> WHAT THE TASK ASKS: Give the data again exactly as it appears, excluding any pictures.

> DATASET SECTION:
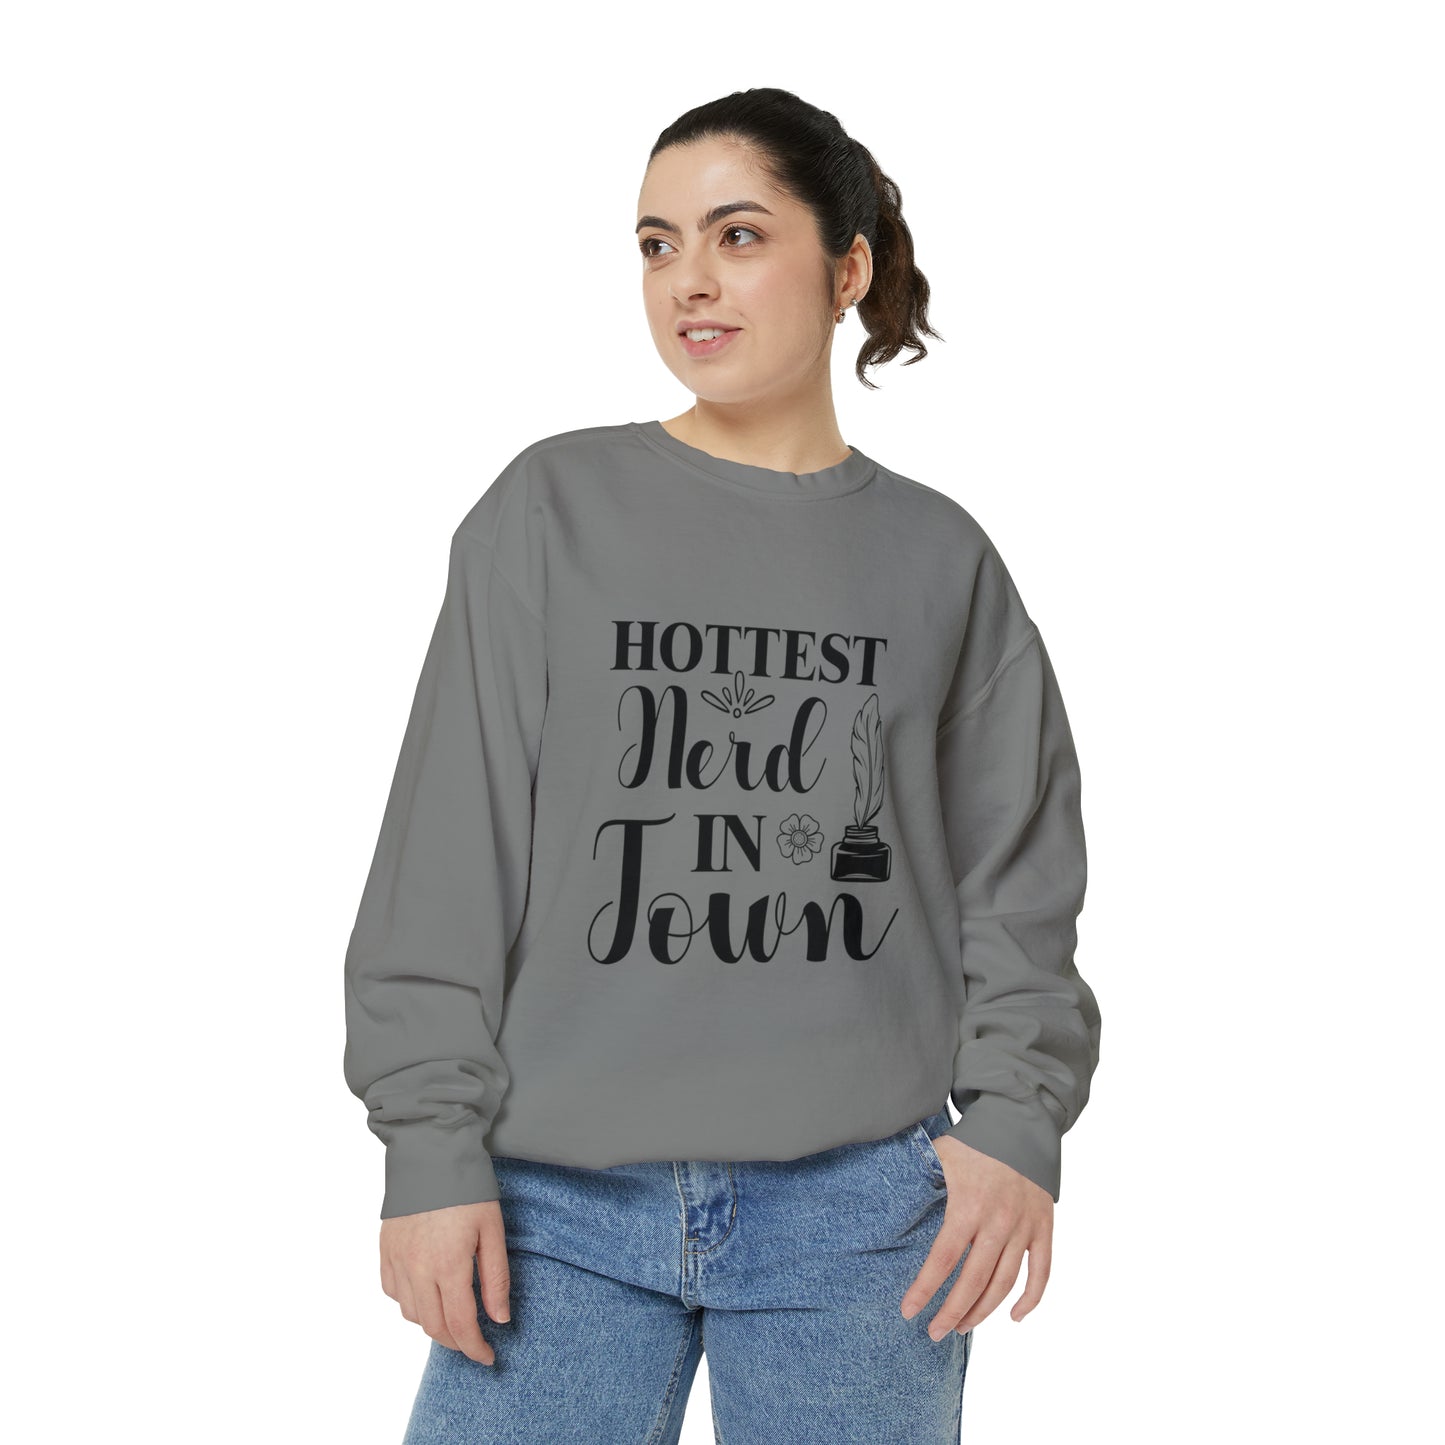 "Hottest Nerd in Town" Unisex Garment-Dyed Sweatshirt
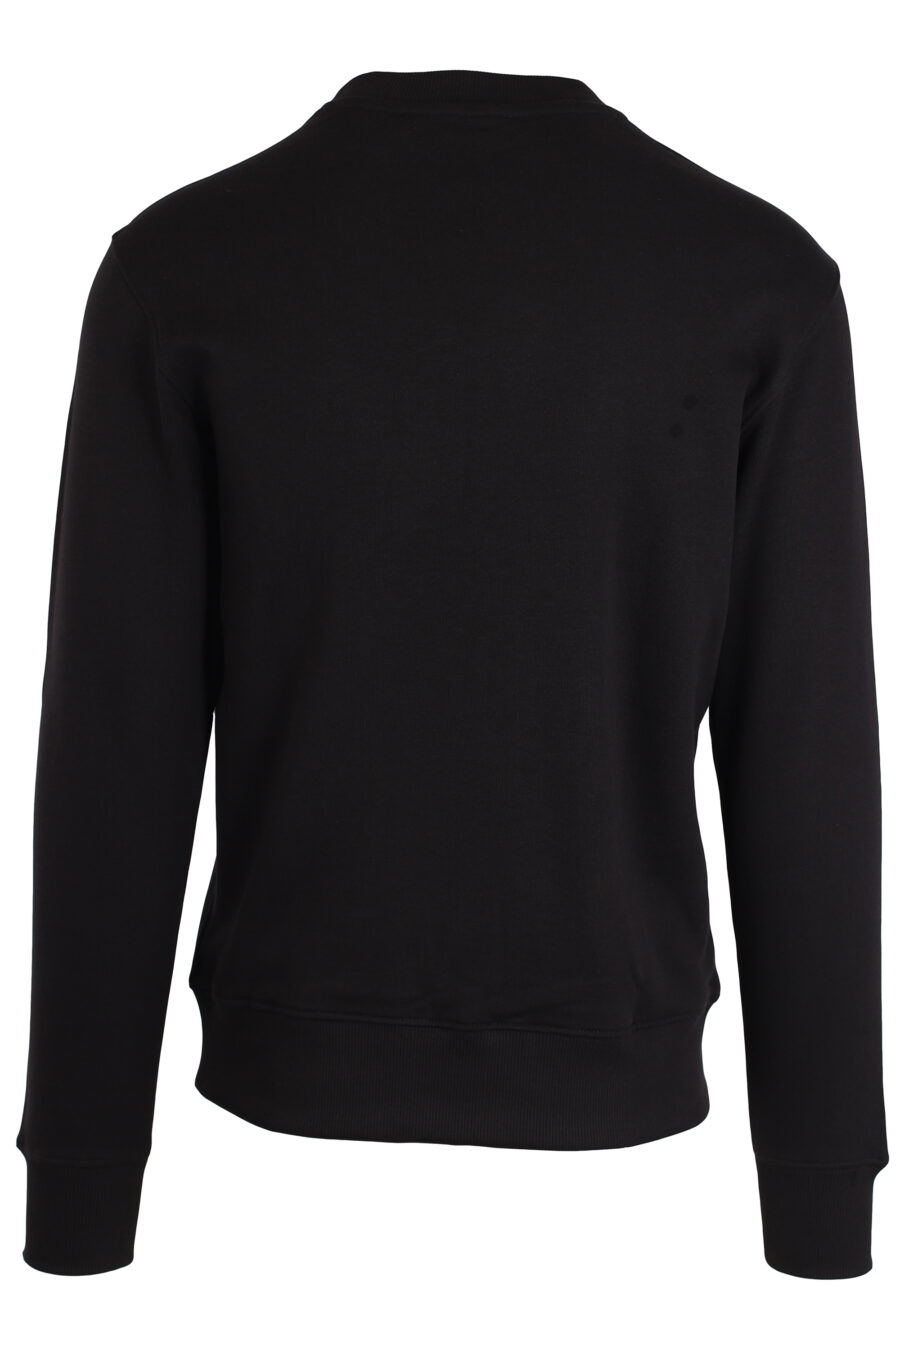 Camisola preta com um pequeno logótipo redondo prateado - IMG 3983
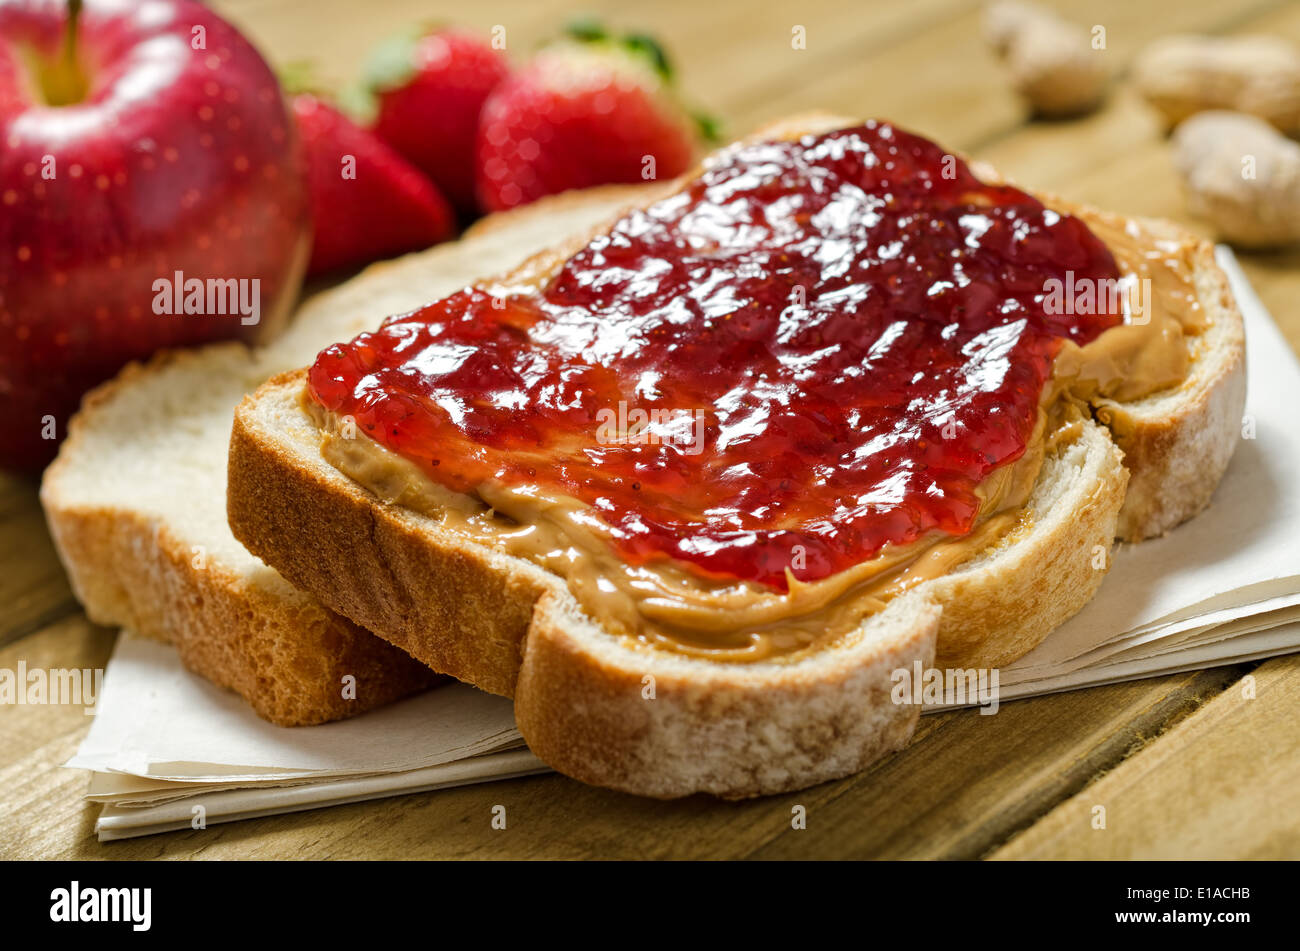 Un nutritivo sándwich de mantequilla de maní y mermelada con las manzanas, las fresas y los cacahuetes. Foto de stock

> OUTPUT OF THE TASK:
 "Hottest Nerd in Town" Unisex Garment-Dyed Sweatshirt
 Camisola preta com um pequeno logótipo redondo prateado - IMG 3983
 Un nutritivo sándwich de mantequilla de maní y mermelada con las manzanas, las fresas y los cacahuetes. Foto de stock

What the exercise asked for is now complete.